I wish I never met him. How could I have been so foolish to put all my cards on the table? So many things are running through my mind. Maybe he never loved me? Maybe he still had deeply buried feelings for his ex (the children's mother)? Regarding the children's mother...they were together for many years. She cheated on him with a series of partners and it resulted with her entering a lesbian relationship in which she is still in and has been for 2 years now. They have been divorced for 5 years. There has been no indication from her that she would reconcile with him, but sometimes I wonder if he feels that this is just something she is exploring and may eventually decide she is not lesbian. Maybe that is just my fears. I came up with that on my own. She seems to have a lot of anger and resentment for him for some reason. He on the other hand seems to be bitter and hurt by what she has done....especially that she left him for a woman. I don't understand what he felt about it. I mean we spoke about it often, but he didn't really express his feelings. It could just be that I'm not familiar with divorce and things like that. He was never in a serious relationship after they divorced. I was the first serious relationship and he led me believe it was real and true. There wasn't anything that happened that should make me question if he still has feeling for her. He just seemed a little curious about what was going on in her life. I guess because he wanted to prepare himself in the event she wanted to come back for her children. I let all those things manifest in my mind and I never communicated it to him so it grew into major doubt.

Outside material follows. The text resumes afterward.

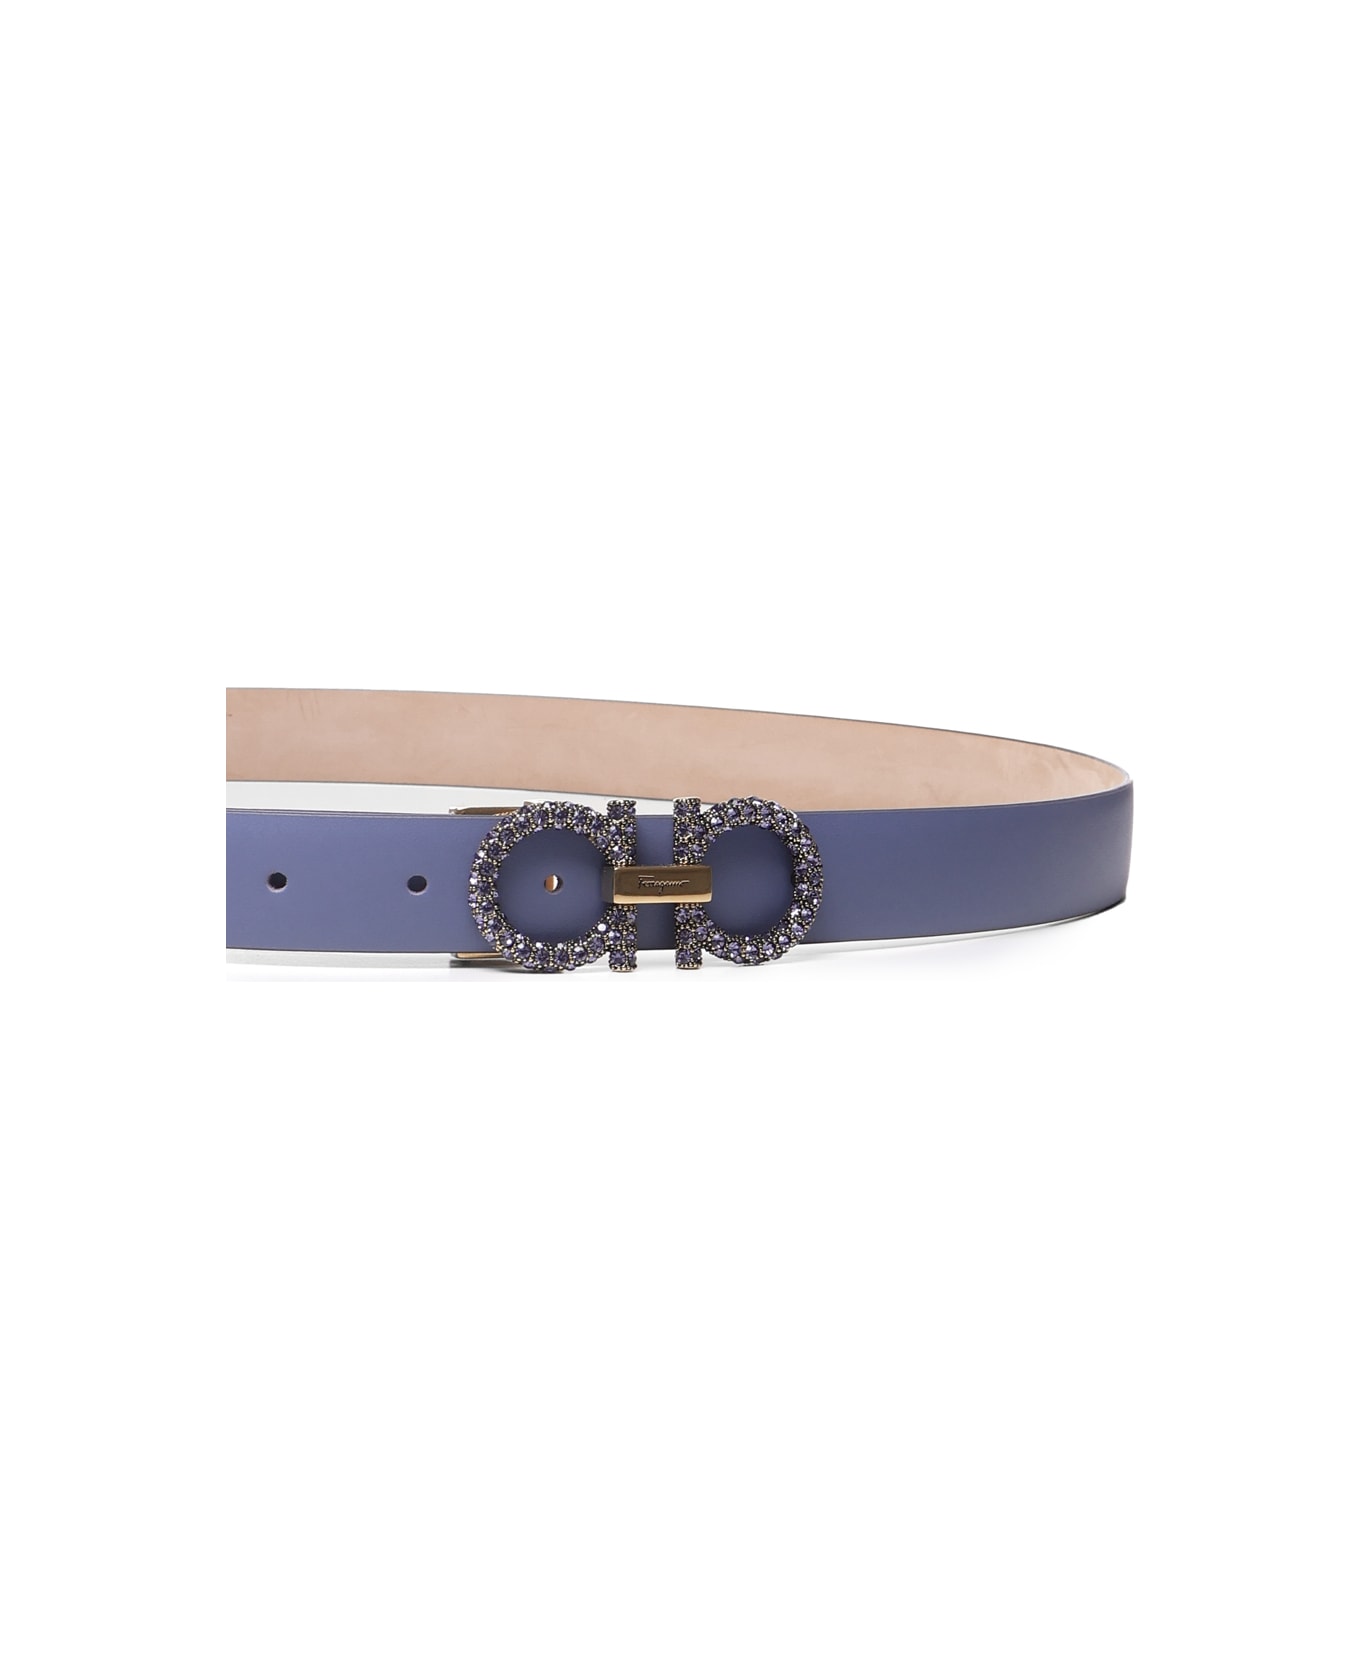 Ferragamo Leather Belt With Embellished Gancino Buckle - Blue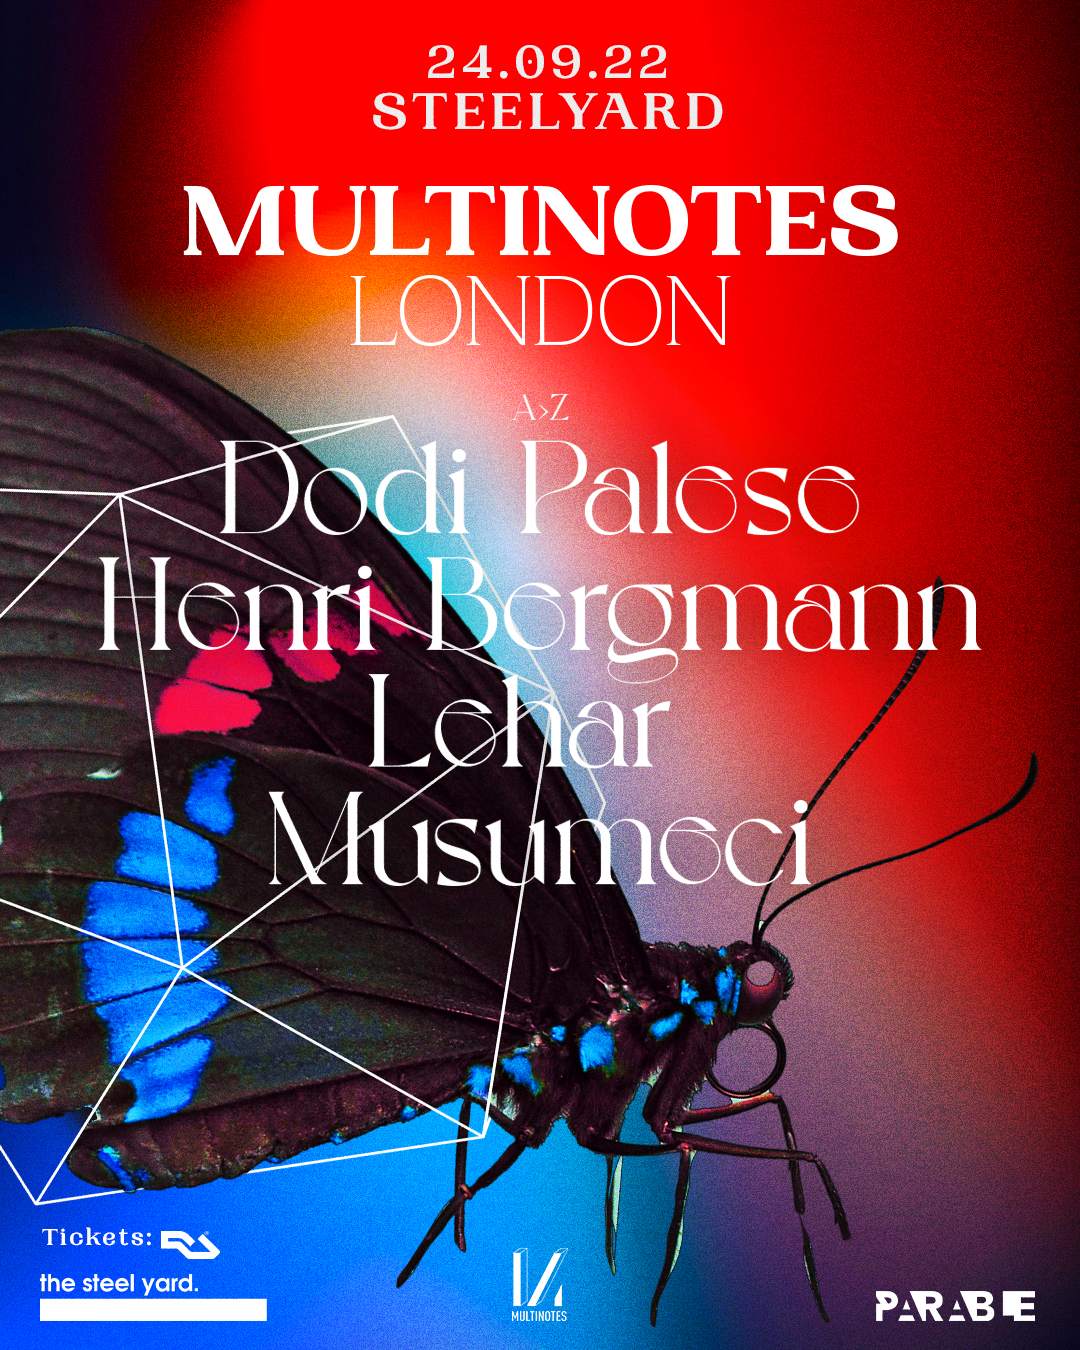 Multinotes London with Lehar, Musumeci, Dodi Palese, Henri Bergmann - フライヤー表

Again, communication was key.

 

When I met him, the connection and chemistry was instant. I'm sitting here wondering if it was all a sham. Maybe I was right all along about the doubts. I'm just really hurt and it's sort of a motivation to continue moving on. I don't think I could handle anymore rejection and I don't think I would put myself in that position ever again. It's so important for me to pay attention to his actions. He has chosen to shut me out. I shouldn't question if he still has feelings for me. As it looks at this moment, he doesn't have any feelings for me at all. He doesn't want anything to do with me. I have these memories of this life I shared with him and I feel like it didn't exist. It's hard for me to be positive when I feel so negatively about everything.

 

It's not healthy for me to be hanging on to false hope that I will magically hear from him out of no where. He is not a communicative person. He is someone who sits back and allows life to happen. He is not proactive. He believes that everything that happens, happens for a reason and what is meant to happen with happen. That's his attitude about life and that is why I've always been the one to pursue, to fix. Of course he pursued me when we first met and even throughout the relationship he was very attentive and interested...he was always calling me and so forth, but when dealing with conflict, he would clock out. He has clocked out permanently and he's gone. I have to move on and I HAVE to change my outlook on this. I feel like I haven't been very realistic...like I'm in the twilight zone. No one is suffering in the way that I'm suffering. He is living his life. He's not effected by this like I am. I don't know what he is feeling, but I'm sure he isn't crying in the middle of the night like I have been. I'm completely devastated by this loss, but something has to come out of this. I have to find happiness again. These are the cards I've been dealt and I have to deal with it. I can't continue on like this much longer. I'm tired of crying and I'm tired of thinking about him.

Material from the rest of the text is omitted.